Semua itu terjadi apabila kita Mijilake Asma Sejati dengan maksud
arsa Beksa Beksanira Pribadhi, yang artinya bermaksud menari
tarianya sendiri. Tarian disini lebih tepat dikatakan sebagai tarian
sakral atau semacam gerakan yoga yang timbul secara spontan atau
timbul dengan sendirinya. Kata “mu” didalam tarianmu dimaksudkan
atau ditujukan kepada Asma Sejatinya sendiri. Sebagaimana raga
memberikan perintah kepada Asma Sejati sebagai jati diri dari sukma
orang bersangkutan dan segera saja Asma Sejati menjalankan perintah
raganya.
Besar kecilnya spectrum yang ditimbulkan, sangat tergantung dari
banyak sedikitnya jumlah getaran per detik dari orang yang melakukan
mijil tadi. Apabila getaran per detik disebut frekuensi, maka jumlah
frekuensi itu juga tergantung dari tingkat kemapanan didalam
pemusatan rasa hening atau tingkat kemampuan konsentrasi. Tingkat
konsentrasi sangat tergantung dari kemantapanya, kondisi fisik,
jumlah pembiasaan, keadaan lingkungan dan tingkat keilmuannya. Itu
semua juga kadang-kadang terpengaruh oleh pembawaan atau kebakatan
orang tersebut.
Mijil arsa beksa beksanira pribadhi merupakan upaya memperoleh
getaran yang meliputi sekujur tubuh. Bentuk getaran yang ditimbulkan
juga berbeda-beda pada setiap orang. Hal ini menunjukkan bahwa tiap
jati diri memiliki identitas dan kekhususan tersendiri.

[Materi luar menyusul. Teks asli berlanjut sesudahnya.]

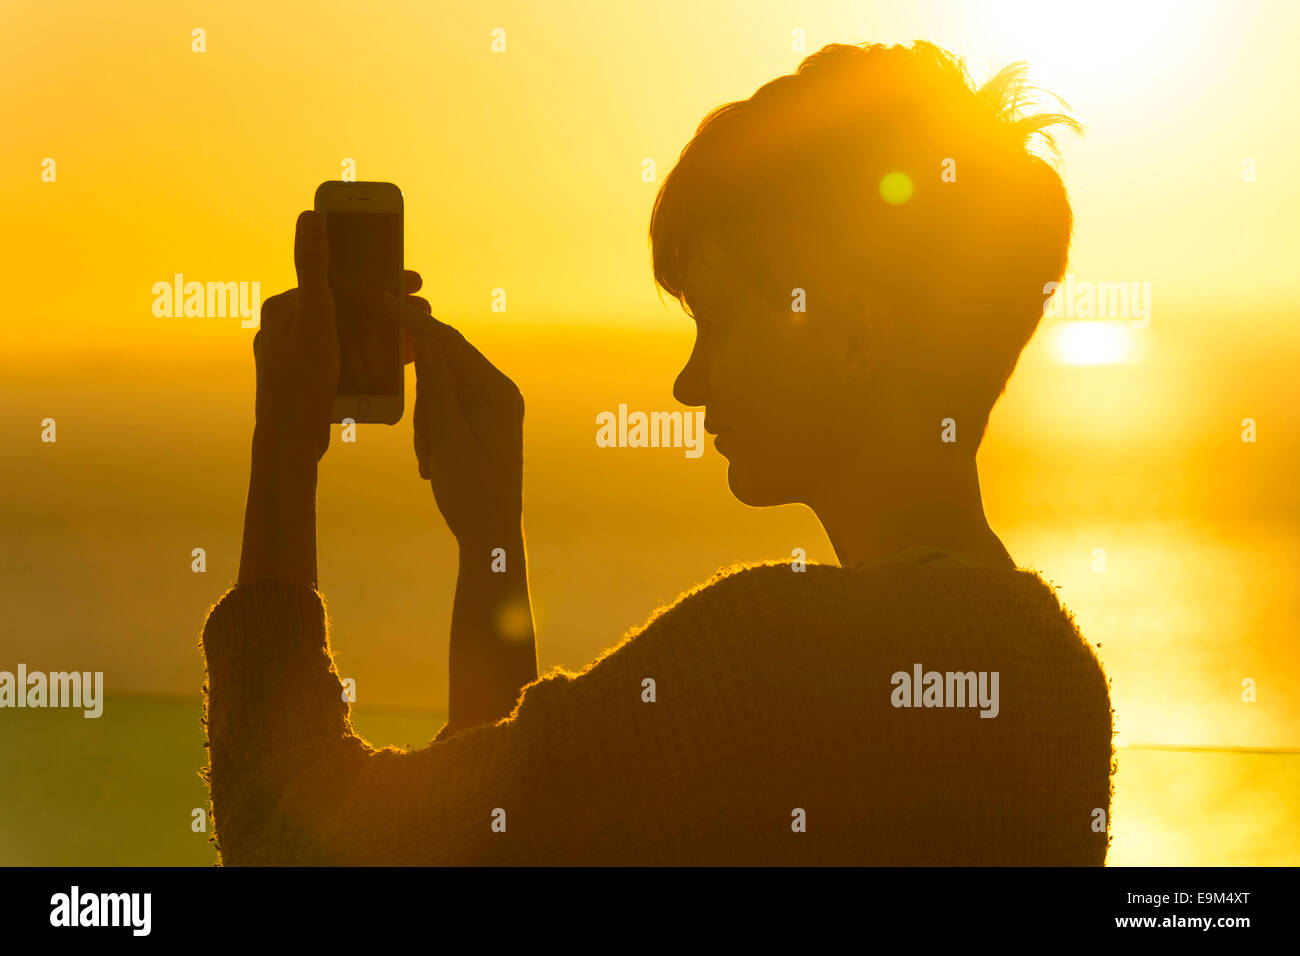 Una mujer usa un teléfono móvil en una red de roaming extranjeros mientras se encuentra de vacaciones durante la puesta de sol del amanecer. Foto de stock

Apabila sudah paham benar didalam olah getaran didalam mijil arsa
beksa beksanira pribadhi, yang merupakan getaran yang meliputi
seluruh tubuh, maka selanjutnya boleh melatih diri dengan gerakan
didalam getaran pada tiap bagian-bagian tertentu, dimana gerakan
pada bagian-bagian tertentu ini, ada yang menganggap gladen
(latihan) ilmu kekebalan, atau ilmu tenaga dalam yang juga disebut
aji-aji atau ajian, walaupun itu belum tentu benar.